Some top 100,000 websites collect everything you type—before you hit submit

When you sign up for a newsletter, make a hotel reservation, or check out online, you probably take for granted that if you mistype your email address three times or change your mind, it doesn't matter. Nothing happens until you hit the button. Maybe not. A surprising number of websites are collecting some or all of your data as you type it into a digital form, according to new research.

The top 100,000 websites were crawled and analyzed by researchers from the University of Lausanne and the University of Leuven. They found that 1,844 websites gathered an EU user's email address without their consent, and 2,950 US users' email in some form. Many of the sites incorporate third-party marketing and analytic services that cause behavior, even though they don't intend to conduct data-logging.

The researchers found 52 websites in which third parties, including the Russian tech giant Yandex, were incidentally collecting password data before submission. All 52 instances have since been resolved after the group disclosed their findings.

If there is a Submit button on a form, the reasonable expectation is that it will submit your data when you click it. We thought we'd find a few hundred websites where your email is collected before you submit, but this was far more than we expected.

Advertisement

The researchers, who will present their findings at the Usenix security conference in August, say they were inspired to investigate leaky forms by media reports. The behavior is similar to so-called keyloggers, which are typically malicious programs that log everything a target types. Users will probably not expect to have their information keylogged on a mainstream top-1,000 site. The researchers observed a few variations of the behavior. Some sites log data 888-739-5110 888-739-5110 888-739-5110 888-739-5110 888-739-5110 888-739-5110 888-739-5110 888-739-5110 888-739-5110 888-739-5110 888-739-5110 888-739-5110 888-739-5110 888-739-5110 888-739-5110 888-739-5110 888-739-5110 888-739-5110 888-739-5110 888-739-5110 888-739-5110 888-739-5110 888-739-5110 888-739-5110 888-739-5110 888-739-5110 888-739-5110 888-739-5110 888-739-5110 888-739-5110 888-739-5110 888-739-5110 888-739-5110 888-739-5110 888-739-5110 888-739-5110 888-739-5110 888-739-5110 888-739-5110 888-739-5110 888-739-5110 888-739-5110 888-739-5110 888-739-5110 888-739-5110 888-739-5110 888-739-5110 888-739-5110 888-739-5110 888-739-5110 888-739-5110 888-739-5110 888-739-5110 888-739-5110

In some cases, when you click the next field, they collect the previous one, like you click the password field and they collect the email, or you just click anywhere and they collect all the information immediately.

The researchers say that the regional differences may be related to companies being more cautious about user tracking, and possibly integrating with fewer third parties, because of the EU's General Data Protection Regulation. The study didn't examine explanations for the disparity, but they emphasize that this is just one possibility.
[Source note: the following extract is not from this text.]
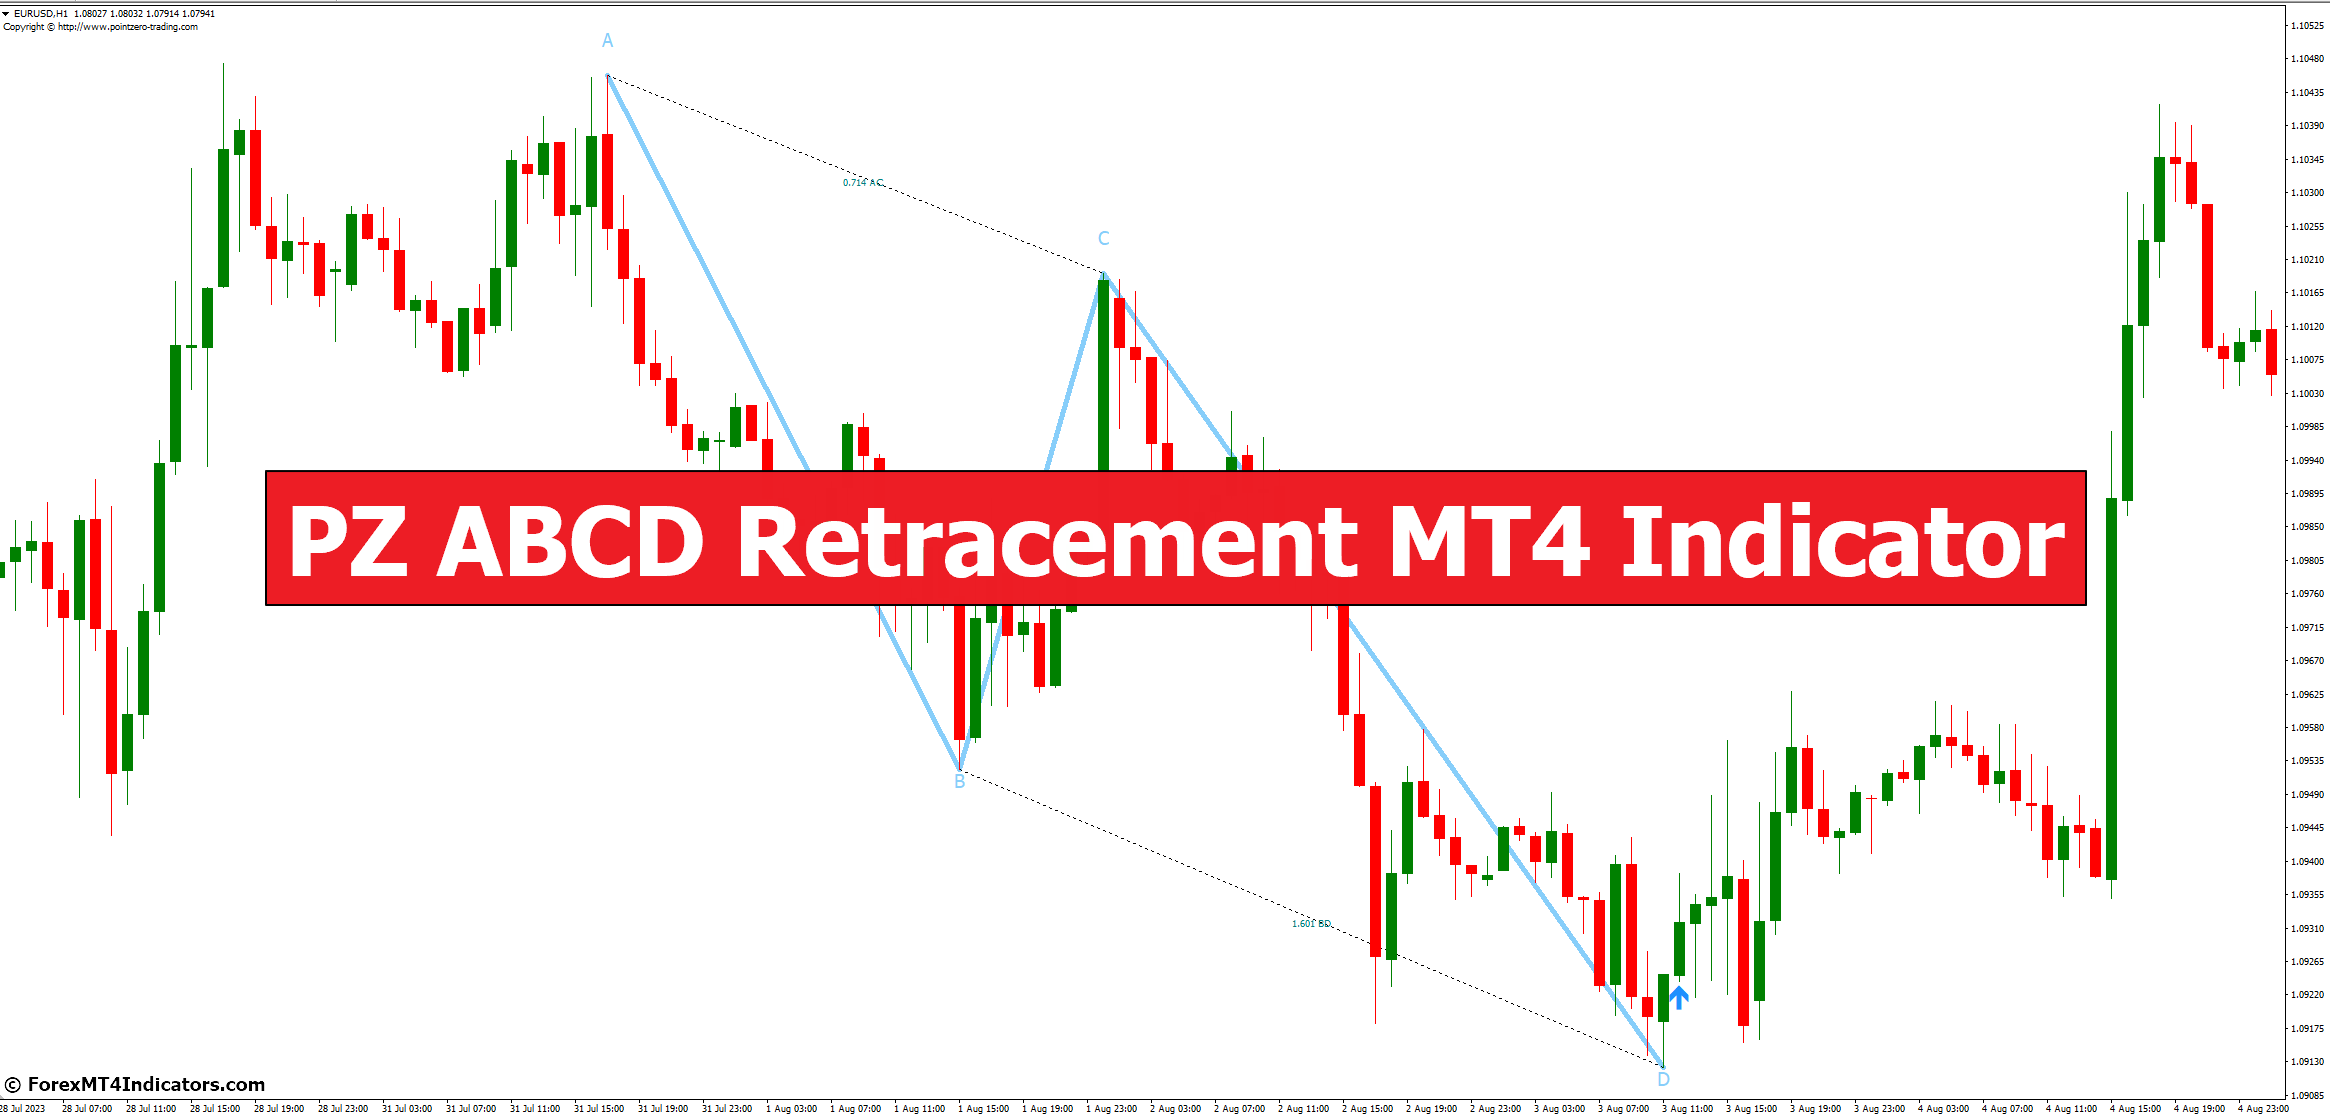 PZ ABCD Retracement MT4 Indicator

The researchers found that one explanation for some of the unexpected data collection may have to do with the challenge of differentiating between user actions on certain websites. This isn't an adequate justification from a privacy perspective.
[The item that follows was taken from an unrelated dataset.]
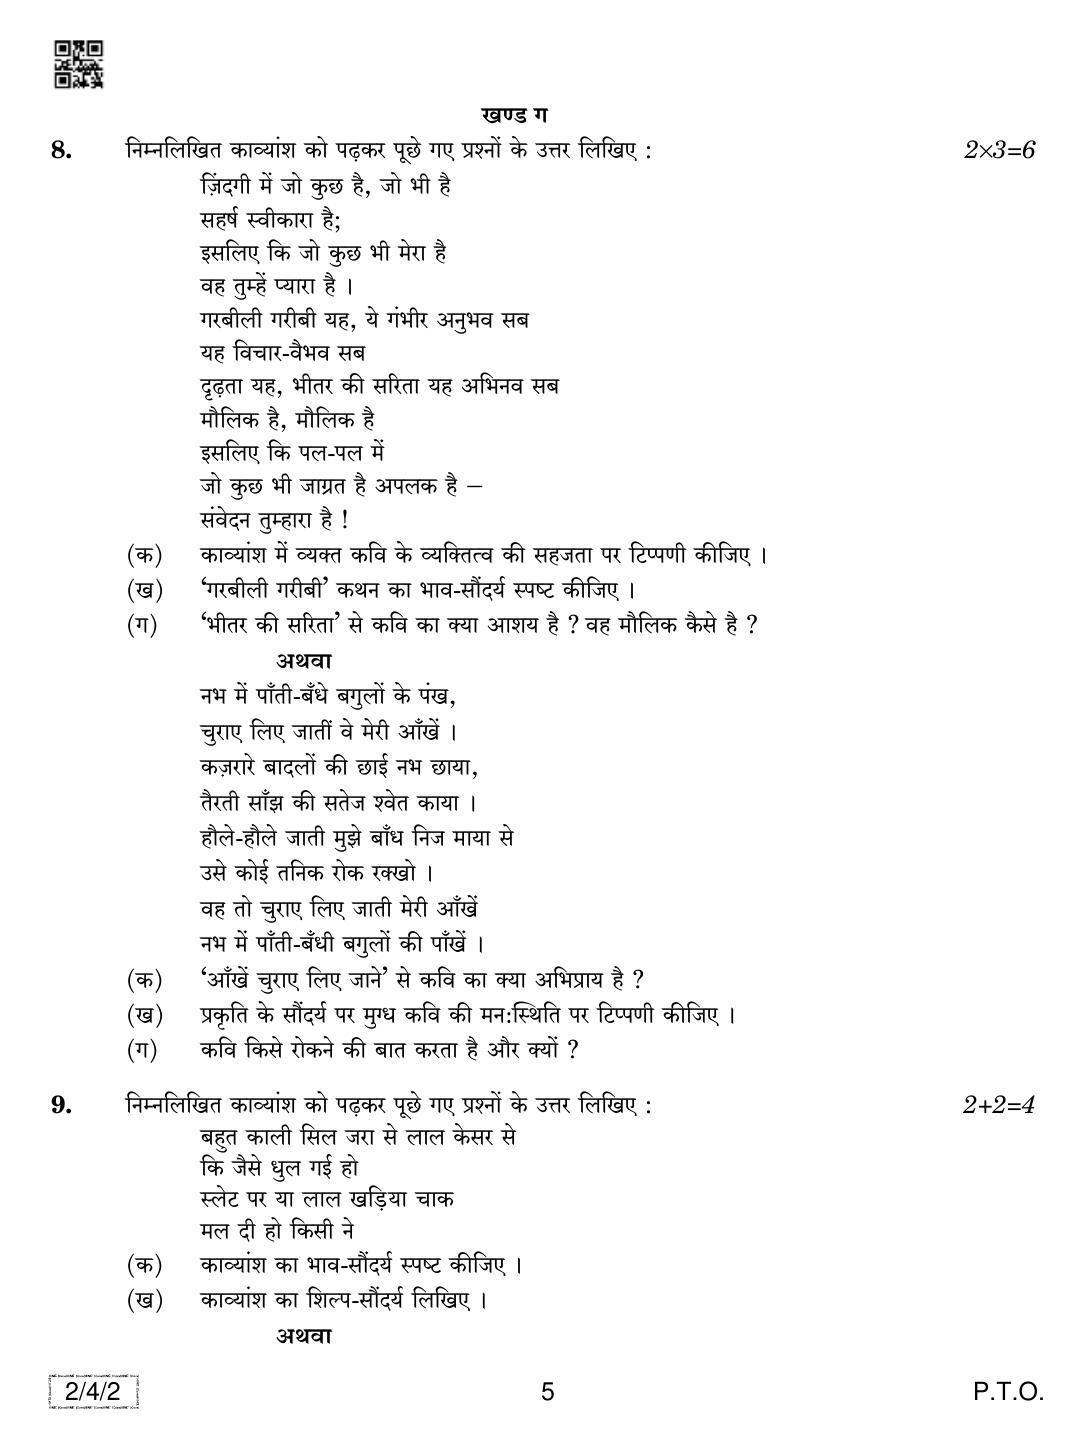 CBSE Class 12 2-4-2 Hindi Core 2019 Question Paper - Page 5

The group discovered that there are two invisible marketing trackers on their websites that show them ads and track users across the web. Both claimed in their documentation that customers could turn on automatic advanced matching, which would prompt data collection when a user submitted a form. The researchers found that the tracking pixels were grabbing hashed email addresses, an obscured version of email addresses used to identify web users across platforms. For US users, 8,438 sites may have been leaking data to Meta, Facebook's parent company, and 7,379 sites may have been impacted for EU users. The group found 154 sites for US users of TikTok.

Advertisement

The researchers filed a bug report with Meta on March 25 and the company quickly assigned an engineer to the case, but the group has not heard an update since. The researchers notified TikTok on April 21 and have not heard back. WIRED asked Meta and TikTok to comment on the findings.
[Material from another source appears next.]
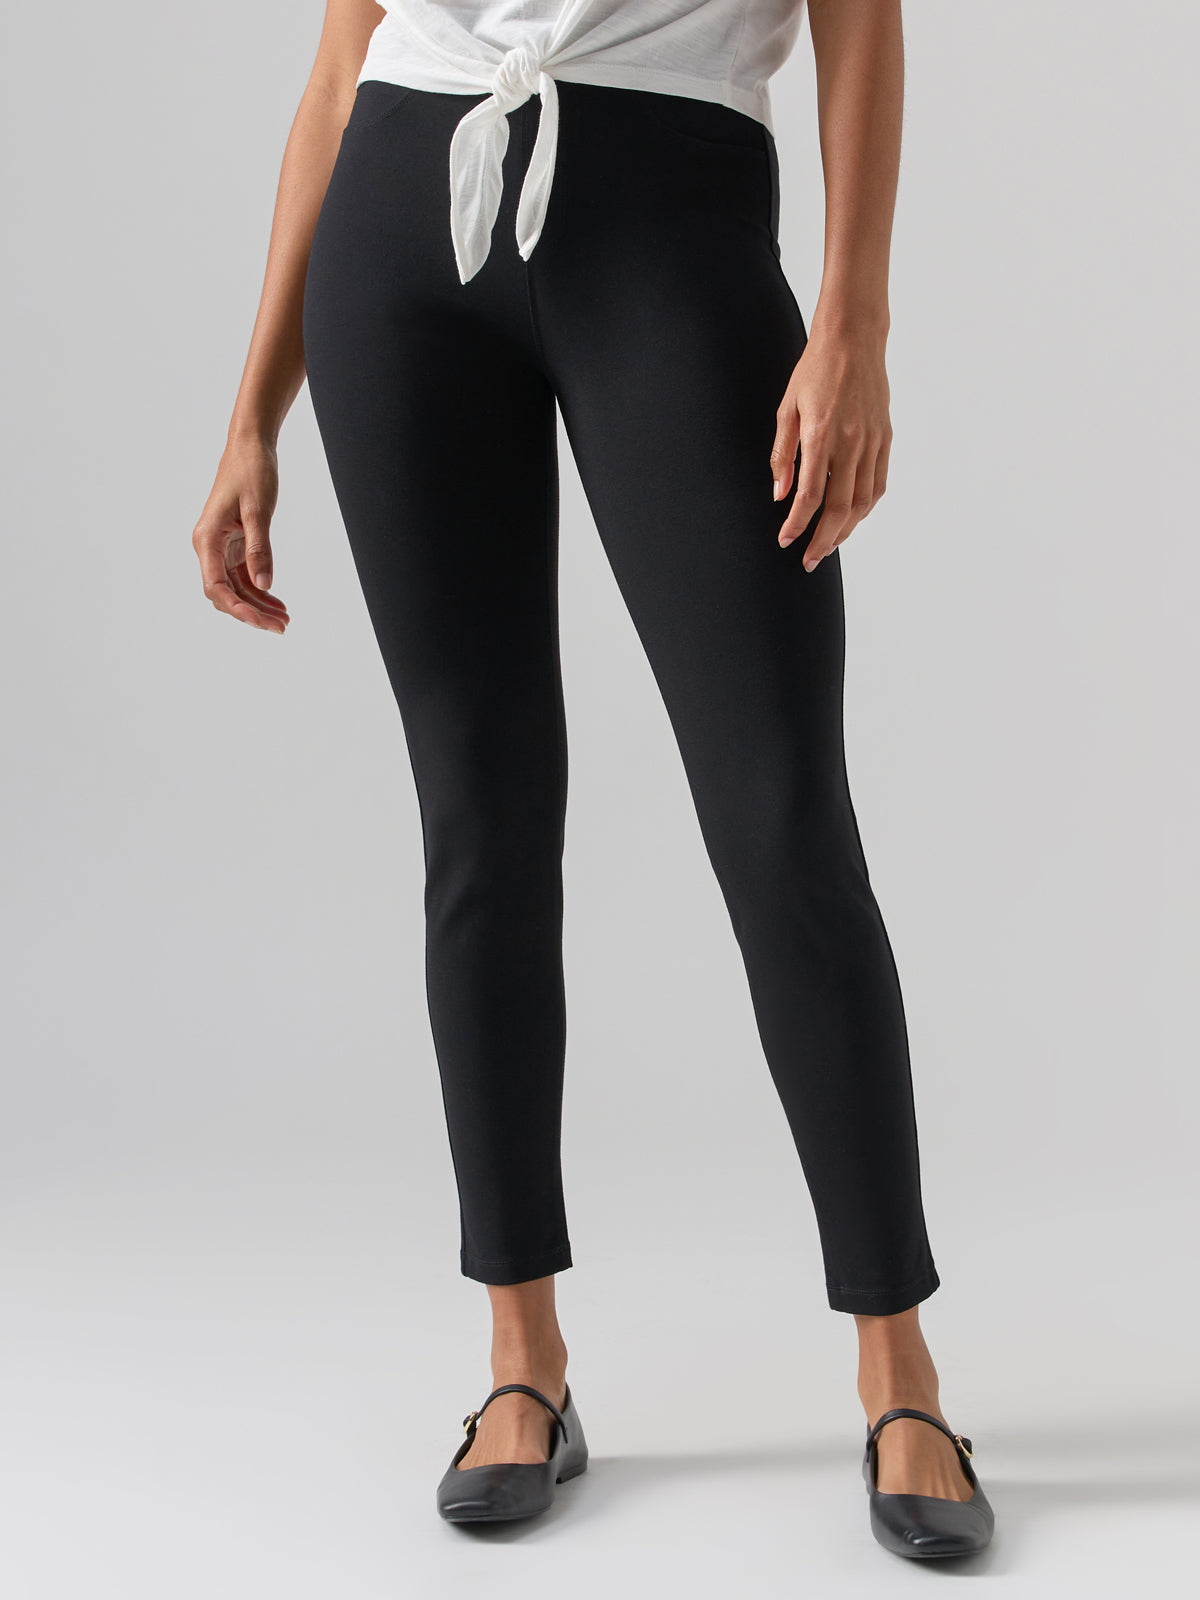 American Apparel Women's Cotton Spandex Jersey High-Waist Leggings, Black,  Small

The privacy risks for users are that they can be tracked across different websites, across different sessions, and across mobile and desktop. You can clear it like you clear your cookies. It is a very powerful name.

As tech companies look to phase out cookie-based tracking in a nod to privacy concerns, marketers and other analysts will rely more and more on static IDs like phone numbers and email addresses.

The researchers created a Firefox extension called LeakInspector to detect rogue form collection since they found that deletion of data in a form before submission may not be enough to protect you from all collection. They hope their findings will raise awareness about the issue, not only for regular web users, but also for website developers and administrators who can check whether their own systems or any of the third parties they are using are collecting data from forms without consent.

In an already crowded online field, leaking forms are just one more type of data collection to be wary of.

The story was originally on wired.com.